David Maxwell
Maximum Blues Piano
Tone-Cool 1160
Sideman par excellence David Maxwell steps out in front for the first time with a breathtaking range and virtuosity. Ten of the 11 cuts on Maximum Blues Piano are instrumentals, but even if you generally don't care for music without vocals, you won't miss them when you hear Maxwell's piano talking to you. Featuring a cadre of Boston-area blues cats, including guitarist Ronnie Earl, bassist Marty Ballou, drummer Marty Richards (Duke Robillard's rhythm section) and sax man Kaz Kazanoff, this album is as diverse as it is entertaining.
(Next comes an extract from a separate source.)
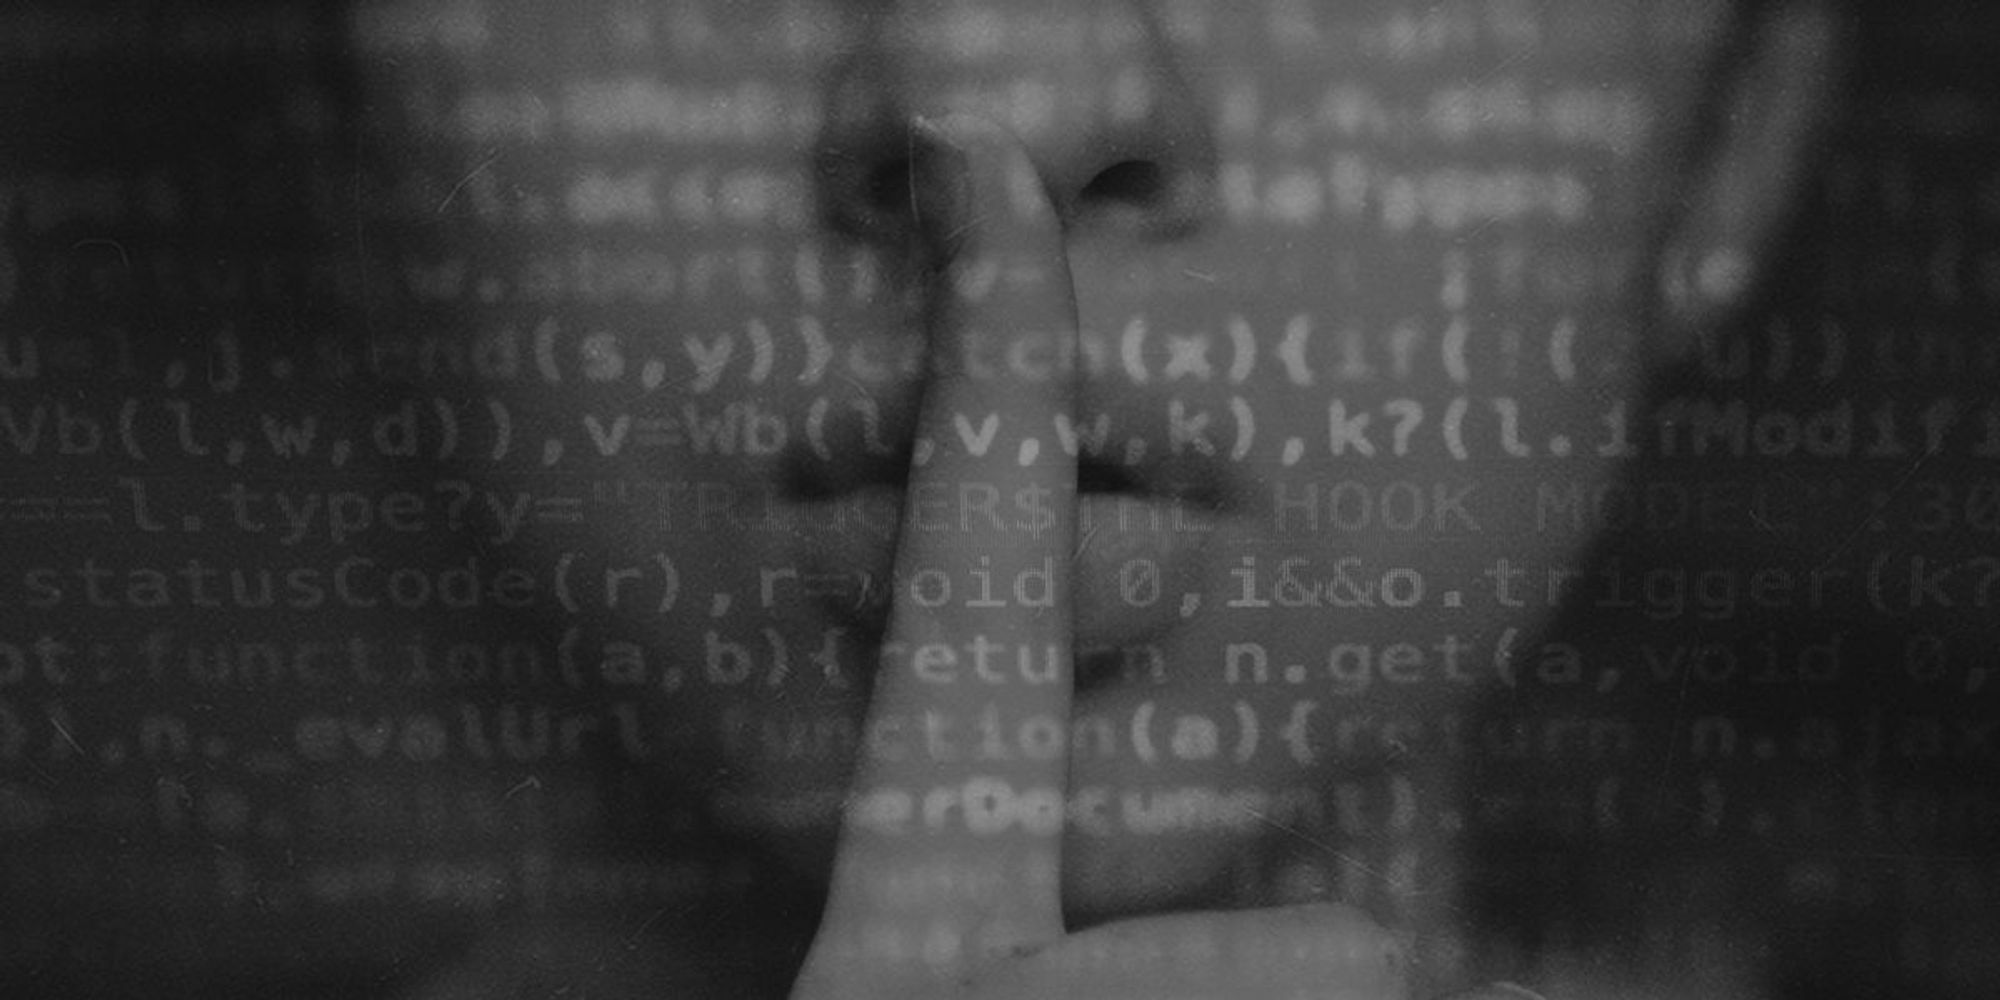 A wall of silence holding back racial progress in tech: NDAs

Maxwell takes you right to the heart of New Orleans with "Breakdown on the Bayou," a serious gumbo of clean, fancy piano work with the drums and horns just right. Some pieces are surprisingly jazzy, like the languid "Down at P.J.'s Place" and the uptempo gospelish "Sister Laura Lee," which boasts some nice guitar work from Duke Levine. If you're looking for the deep blues, there's a nice little tribute to Otis Spann at the beginning of the midnight-blue "Deep Into It."

Of the two non-originals, Meade Lux Lewis' "Honky Tonk Train" is kind of an "Orange Blossom Special" for pianists, a choo-choo, boogie-woogie show piece, and Maxwell does an amazing job. The only less than thrilling cut is the poppish "Manhattan Max," which is not just lighthearted but too lightweight for the company it's keeping.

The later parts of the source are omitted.